Here’s the hypothetical. The FBI receives a tip that a teenager recently posted on social media, “I want to shoot up my school.” Additional posts include pictures of the teen holding an assault weapon. What can the FBI do with the information in an effort to prevent a catastrophe?

This question has plagued federal law enforcement for years. It was at the heart of the civil actions stemming from the Marjory Stoneman Douglas High School shooting in Parkland, Fla., and it remains an issue after last week’s shooting at Apalachee High School in Winder, Ga., after it was revealed that the FBI had received a tip about the 14-year-old assailant before the fact.

The answer is sobering. As lead counsel for the Justice Department in two mass shooting cases, I learned that we need to be honest about the FBI and its ability to prevent these tragedies.

While numerous studies have shown that most mass shooters reveal insights into their plans prior to committing the act (often referred to as “leakage”), and the federal government continues to promote “see something, say something,” in reality, the FBI has limited authority to take concrete preventive action when it receives tips about a potential shooting.

The FBI is not a national police force.
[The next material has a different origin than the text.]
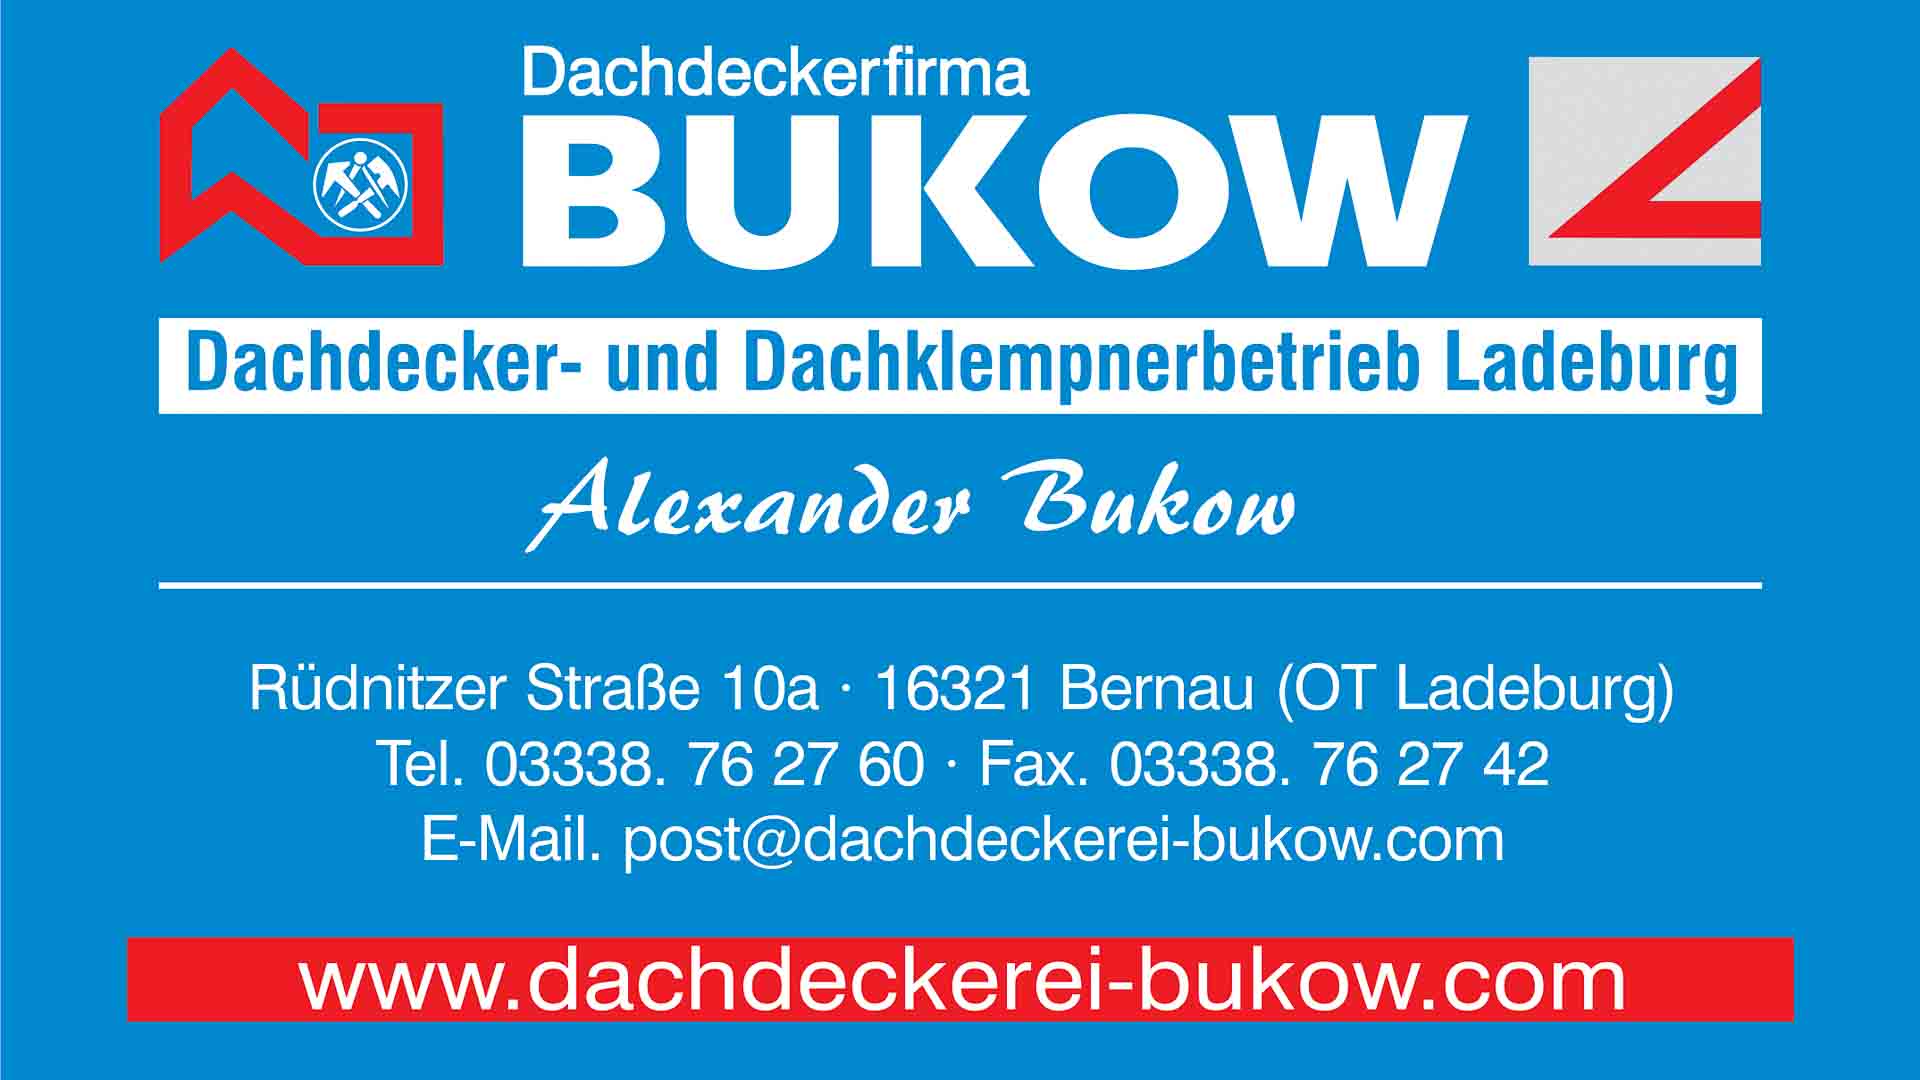 Dachdecker / Zimmermann (m/w/d) - Dachdeckerfirma Bukow e.Kfm. in Bernau

For the bureau to investigate, there must be a potential federal crime or threat to national security. While school shootings are heinous acts, they are not inherently federal crimes. Federal agencies therefore typically forward such tips to state and local authorities or otherwise share them with their joint task force partners.

The FBI can monitor social media accounts and, in certain circumstances, may even interview the subject. But there are scores of instances when an individual is interviewed by law enforcement but remains undeterred. The FBI interviewed the Orlando nightclub shooter twice before he acted. Law enforcement interacted with the Parkland shooter and his brother 43 times over several years. The Winder student was interviewed by law enforcement one year before the shooting. Some experts have concluded that interviewing the subject not only fails to prevent violence but can act as an accelerant if an offender thinks law enforcement is closing in.

There is a federal criminal statute pertaining to online threats to kidnap or injure another. Law enforcement can use this statute when addressing true threats of violence. But what constitutes a true threat is not easily discernible. In the Supreme Court case Elonis v. United States, a man posted self-styled rap lyrics on Facebook that contained threatening language and graphic imagery of brutal violence aimed at his estranged wife and his co-workers. He posted about committing a school shooting at a kindergarten: “I’m checking out and making a name for myself … Enough elementary schools in a ten mile radius … to initiate the most heinous school shooting ever imagined … And hell hath no fury like a crazy man in a Kindergarten class …” He was eventually reported to the FBI, which monitored his account before visiting his house. The interaction only seemed to embolden the man, who then aimed his posts toward the female FBI agent.

The Supreme Court ruled that, under the federal statute, it was not enough for the government to prove that the defendant intentionally made a statement that a reasonable person would interpret as a threat. Rather, the government needed to prove that the man had some level of criminal intent when making the online statements. (In Counterman v. Colorado, the court later clarified that the First Amendment requires proof that a defendant had some subjective intent to threaten violence, but the mental state of recklessness is sufficient to protect speech.) This requirement had a chilling effect on law enforcement, as agents believed the Elonis decision made it harder to obtain a warrant or make an arrest in circumstances like the hypothetical posed above.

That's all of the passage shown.